# EMU1212M, alsa?

## twodeko

i was wondering if anyone has ever gotten one of the Creative EMU 1212M pro-audio cards working in linux.

i know creative hasn't released a linux driver but since it is heavily based off of the emu10k1/2 chip with the additional E-DSP chip but it would be real nice if i could get this to work with some driver modifications or just maybe installing it :p

any tips/advice

twodeko # lspci | grep audio

0000:02:08.0 Multimedia audio controller: Creative Labs SB Audigy (rev 03)

----------

## blueworm

See THIS

Cant wait this will mean awsome soundquality + hardware mixing!

----------

## 0kupa

Now playback/capture is suported: Official Alsa Wiki for Developers

You must download the latest alsa-firmware on portage, and alsa-tools:

```
# emerge alsa-firmware alsa-tools
```

If the latest alsa-firmware on portage is 1.0.13, u've to download from mercurial.
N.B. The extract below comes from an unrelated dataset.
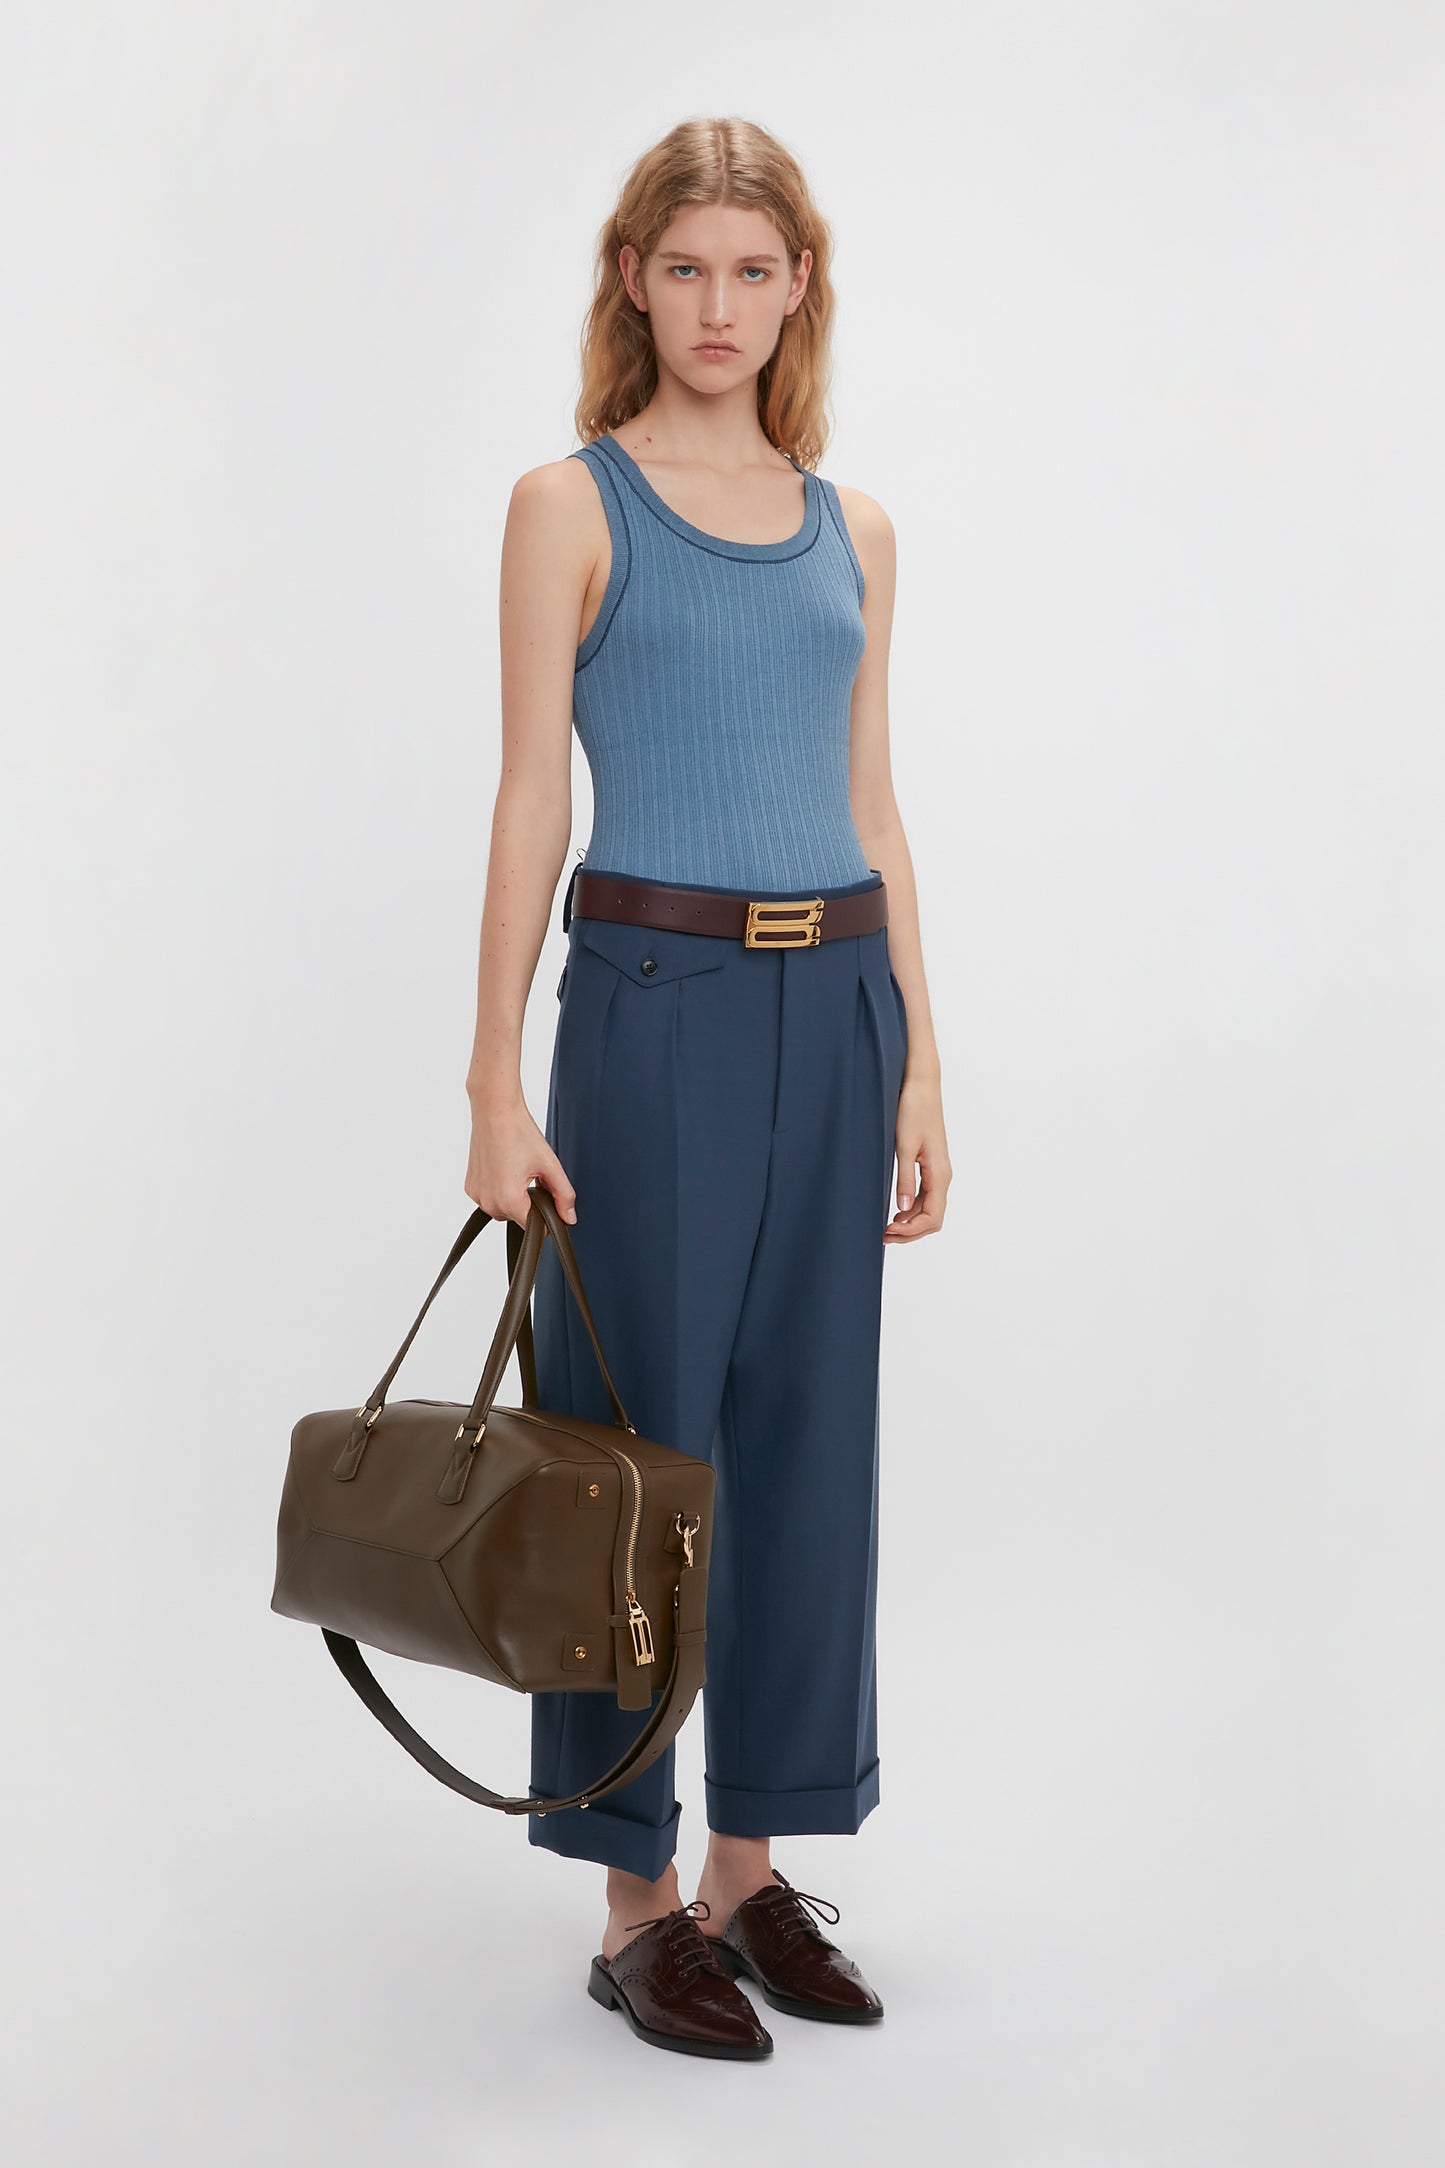 A woman in a blue fine knit tank top and Victoria Beckham navy wide leg cropped trousers with a brown belt, holding a large brown handbag, standing against a white background.
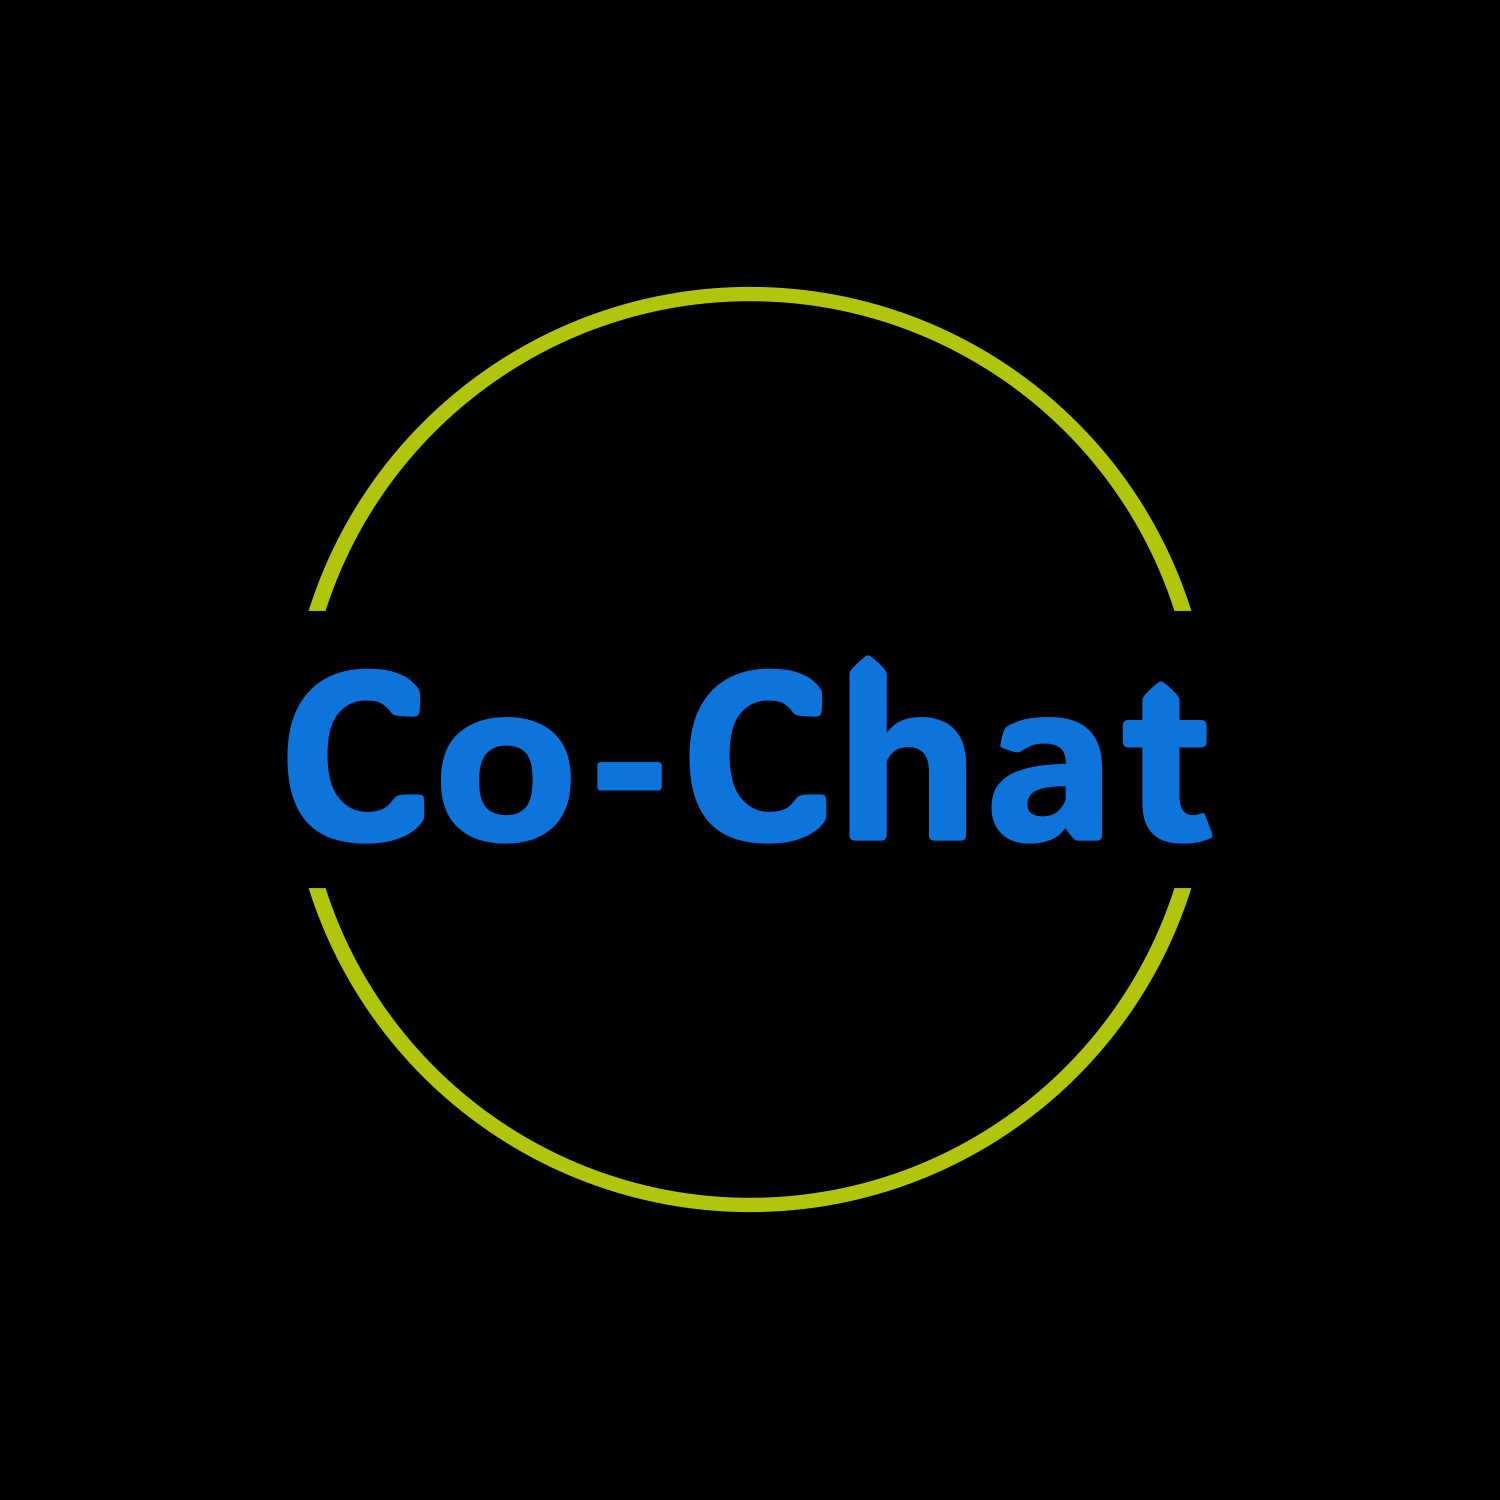 Co-Chat

1- Download mercurial, it's on portage:

```
# emerge mercurial
```

2- Download on the folder alsa-firmware:

```
# hg clone http://hg-mirror.alsa-project.org/alsa-firmware alsa-firmware
```

3- Make & install to "/lib/firmware":

```
# cd alsa-firmware

# ./configure --prefix=/usr

# make && make install
```

4- Now you have the "emu" firmware con "/lib/firmware, and u've to edit our "/etc/make.conf":

```
...

ALSA_CARDS="emu10k1"

ALSA_TOOLS="emu"

...
```

U need the latest (>=1.014) alsa-driver & alsa-headers on portage, but if u have problems, u can download "the latest" form mercurial:

1- Copy the latest files:

```
# hg clone http://hg-mirror.alsa-project.org/alsa-driver alsa-driver

# hg clone http://hg-mirror.alsa-project.org/alsa-kernel alsa-kernel
```

2- And install on "/kernel/alsa-driver":

```
# cd alsa-driver

# ./hgcompile --with-cards=emu10k1

# make install
```

More info or bugs: alsa-user mail archive

----------

## blueworm

Does hardware mixing work?

----------

## 0kupa

 *blueworm wrote:*   

> Does hardware mixing work?

 

Yes, I think, I can play more than one app at the same time.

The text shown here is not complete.